Sanofi's Pipeline Candidate Faces Safety Review, Clouding Post-Dupixent Outlook

31.03.2026 - 06:15:38 | boerse-global.de

Sanofi reviews Amlitelimab's benefit-risk after rare adverse events in trials, casting doubt on the $3B potential successor to Dupixent.

Sanofi's Pipeline Candidate Faces Safety Review, Clouding Post-Dupixent Outlook - Foto: über boerse-global.de

The future of Sanofi's key pipeline asset, Amlitelimab, has encountered a hurdle. The French pharmaceutical giant is conducting a thorough review of the drug's benefit-risk profile following the emergence of rare adverse events in clinical trials. This development casts a shadow over a candidate viewed as a potential successor to the company's blockbuster drug, Dupixent.
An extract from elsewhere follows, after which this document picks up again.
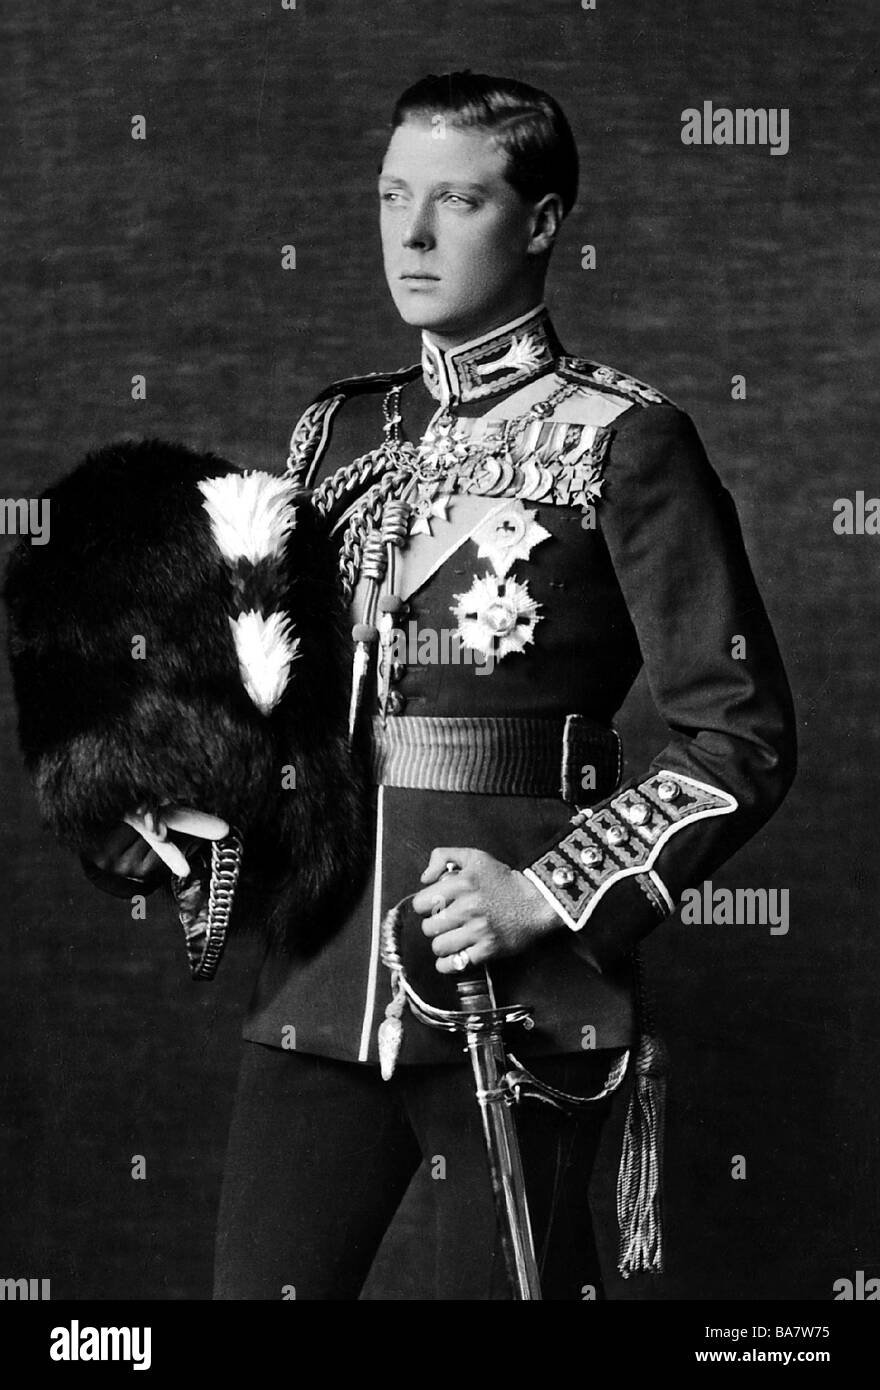 Edward VIII, 23.6.1894 - 28.5.1972, King of Great Britain 20.1.1936 - 11.12.1936, portrai, postcard, 1919, , Stock Photo

Clinical Trials and Safety Events

During the clinical investigation of Amlitelimab for atopic dermatitis, two cases of Kaposi’s sarcoma were reported in patients with known risk factors. The first instance was identified in a preliminary analysis of the Phase 2 ATLANTIS trial. Subsequently, a second case was detected in the ongoing, still-blinded Phase 3 ESTUARY study. Sanofi promptly discontinued the Amlitelimab treatment for both individuals, who are now reported to be recovering. To date, a total of 3,778 participants across various indications have received the investigational treatment.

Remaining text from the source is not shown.